La seconda volta che l'espressione ricorre nel tuo testo è sufficiente scegliere uno tra gli esempi proposti da Larroja o anche dire semplicemente "le elezioni" o "le elezioni di maggio" (a quel punto, il lettore avvertito avrà compreso di cosa stiamo parlando ).


----------



## ursu-lab

Pepes said:


> Mi sembra di aver capito che le Elecciones autonómicas sono le elezioni delle comunità autonome, lontamente paragonabili alle nostre regionali.
> 
> Appunto per questo "lontanamente", non so se posso tradurlo con "elezioni regionali" o se è meglio specificare "elezioni delle comunità autonome".
> 
> In questo secondo caso sarebbe un problema, perchè nel corso del testo viene ripetuta una seconda volta l'espressione, scrivendo solo:
> 
> "Las autonómicas de mayo"
> "Le regionali di maggio" suona bene, ma non so se è adatto.
> "Le elezioni delle comunità autonome di maggio" è adatto ma ridondante.



In italiano "Comunidad Autónoma" (spagnola) si deve tradurre con "Comunità Autonoma", è una prassi seguita da anni proprio perché né politicamente né amministrativamente sono equivalenti alle regioni italiane se si vuole rispettare la differenza del modello politico spagnolo: competenze in materia di sanità, educazione, sicurezza, ecc. Solo dal punto di vista fiscale possono avere qualcosa in comune - e solo in parte - con le regioni italiane a statuto speciale, soprattutto nel caso del Trentino-Alto Adige.

È come se traducessi i Länder con Regioni: sarebbe una banalizzazione...

Se viene ripetuto ed è già stato detto, la seconda volta puoi usare sinteticamente "le elezioni di maggio".


----------



## Montesacro

ursu-lab said:


> In italiano "Comunidad Autónoma" (spagnola) si deve tradurre con "Comunità Autonoma", è una prassi seguita da anni proprio perché né politicamente né amministrativamente sono equivalenti alle regioni italiane se si vuole rispettare la differenza del modello politico spagnolo: competenze in materia di sanità, educazione, sicurezza, ecc. Solo dal punto di vista fiscale possono avere qualcosa in comune - e solo in parte - con le regioni italiane a statuto speciale, soprattutto nel caso del Trentino-Alto Adige.



Portare ad esempio il Trentino - Alto Adige è una scelta poco felice: la regione infatti è stata progressivamente esautorata da tutte le funzioni più importanti, le quali sono state direttamente assunte dalle due province autonome di Trento e Bolzano (che sono nella sostanza delle vere e proprie regioni). 

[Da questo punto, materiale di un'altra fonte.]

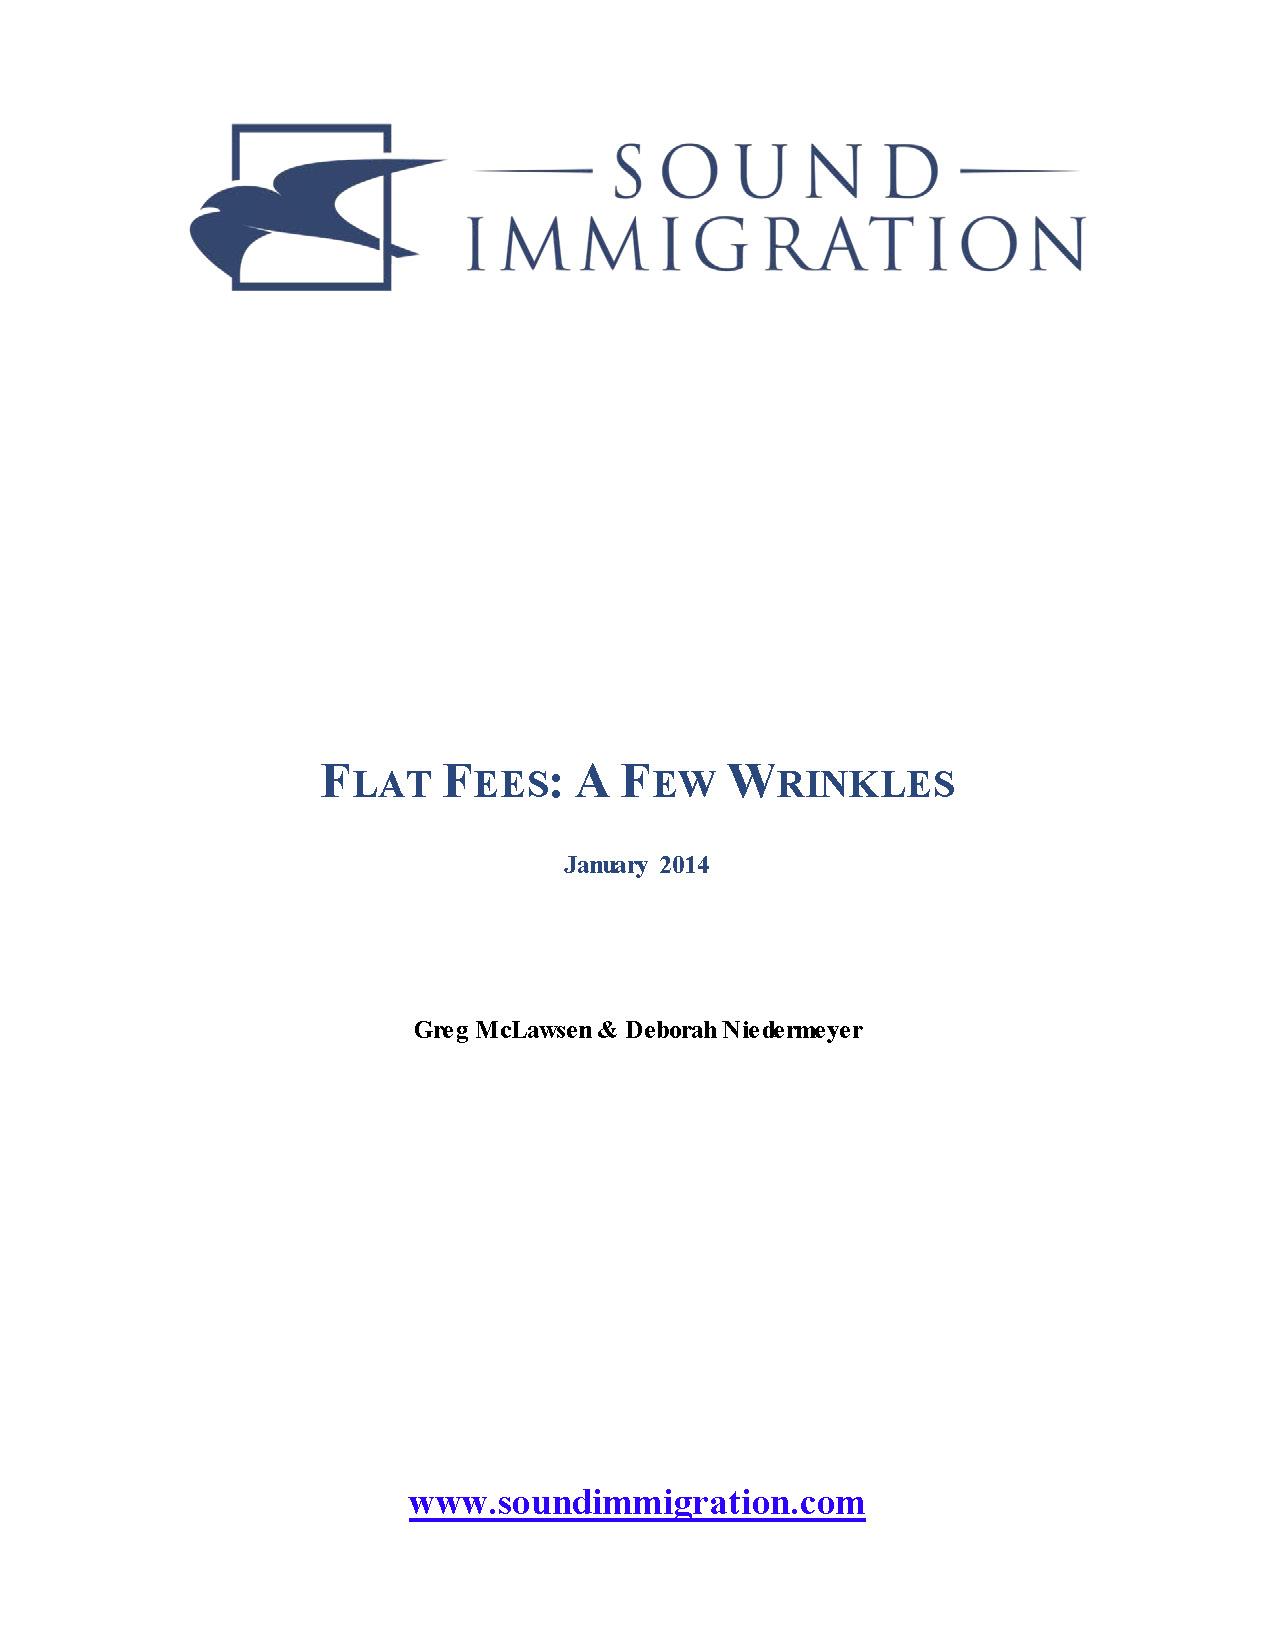 Flat Fees jpg_Page_1

Basti pensare che in Trentino - Alto Adige non esistono le elezioni regionali; il Consiglio Regionale è semplicemente la "somma" dei due Consigli Provinciali di Trento e Bolzano (i quali naturalmente sono eletti tramite le rispettive elezioni provinciali).


----------



## ursu-lab

Montesacro said:


> Portare ad esempio il Trentino - Alto Adige è una scelta poco felice: la regione infatti è stata progressivamente esautorata da tutte le funzioni più importanti, le quali sono state direttamente assunte dalle due province autonome di Trento e Bolzano (che sono nella sostanza delle vere e proprie regioni).
> 
> Basti pensare che in Trentino - Alto Adige non esistono le elezioni regionali; il Consiglio Regionale è semplicemente la "somma" dei due Consigli Provinciali di Trento e Bolzano (i quali naturalmente sono eletti tramite le rispettive elezioni provinciali).

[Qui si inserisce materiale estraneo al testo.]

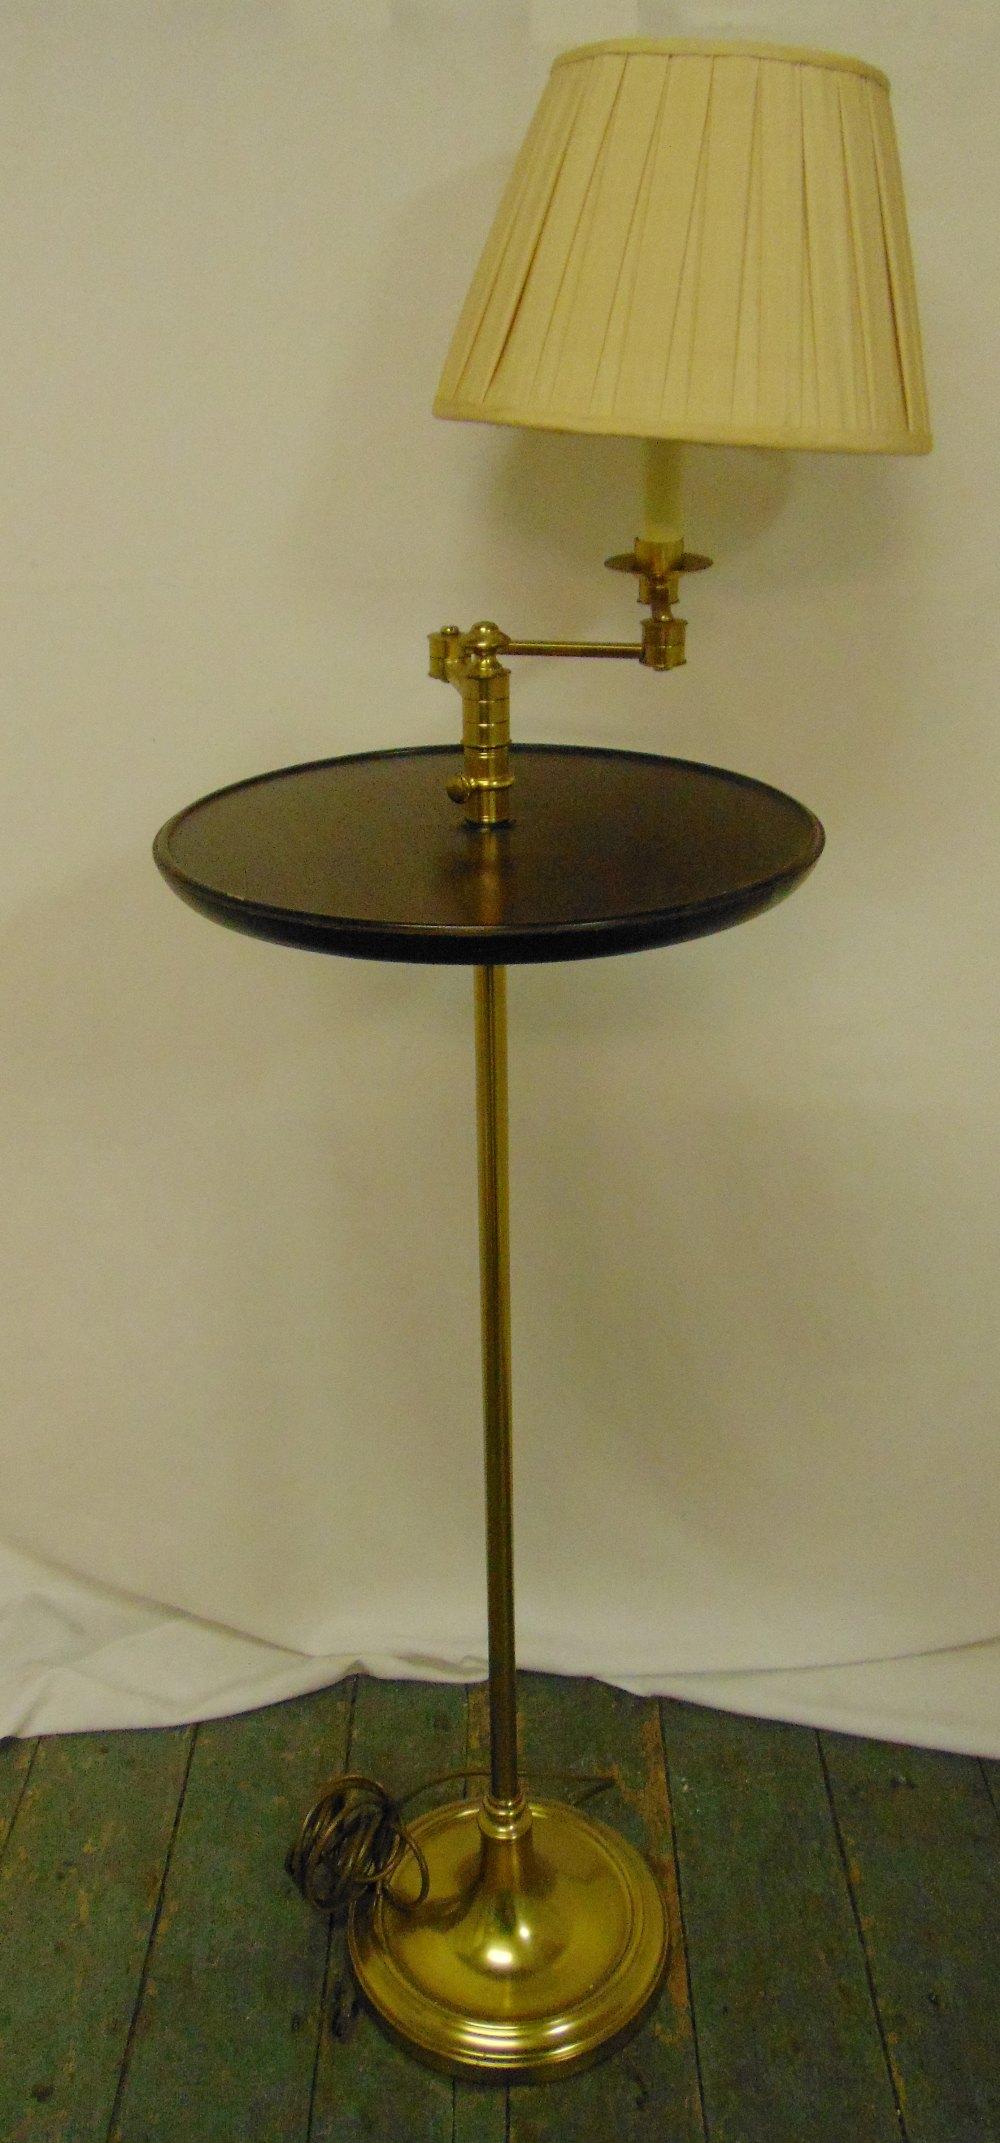 A brass and mahogany side table, circular on tubular stem with raised circular base and adjustable

Ok, hai ragione, più che altro pensavo alla scuola, all'ambiente e altre cosette non da poco che gestiscono alla grande. 
Comunque non è che in Spagna tutte le Comunità abbiano lo stesso statuto e gli stessi privilegi, anzi. Ma non sono semplici "regioni". E dal punto di vista politico ogni "Comunità Autonoma" (o quasi tutte) conta sulla presenza di partiti politici d'appartenenza "locale" che possono essere di *enorme *peso anche a livello statale. Per questo è meglio far notare chiaramente la differenza.


----------



## 0scar

La autonomía es  a  una provincía lo que la independencia es a un país.
Dentro de un país federal completo (Argentina, EE.UU, etc.) las provincias son estados autónomos, y el estado nacional es independiente.
Los paises unitarios (Italia, Chile, etc.) son independientes de otros paises, y no tienen subdivisiones territoriales con gobiernos autónomos. 
España es semi federal o semi unitaria según se vea, no es totalmente unitaria ni totalmente federal.


----------



## ursu-lab

Ok, però c'è il rischio di far confusione coi termini da un paese all'altro. In Spagna le "provincias" fanno capo a las "diputaciones" come organo di governo locale, non alle "comunità autonome", per cui le elezioni non coincidono perché il presidente della diputación viene eletto dai deputati provinciali e non dai cittadini come il presidente della comunità autonoma.


----------



## 0scar

Espero que no haga falta aclarar que en EE.UU, al que también puse como ejemplo, no se llaman provincias ni comunidades, pero igual se entienda.


----------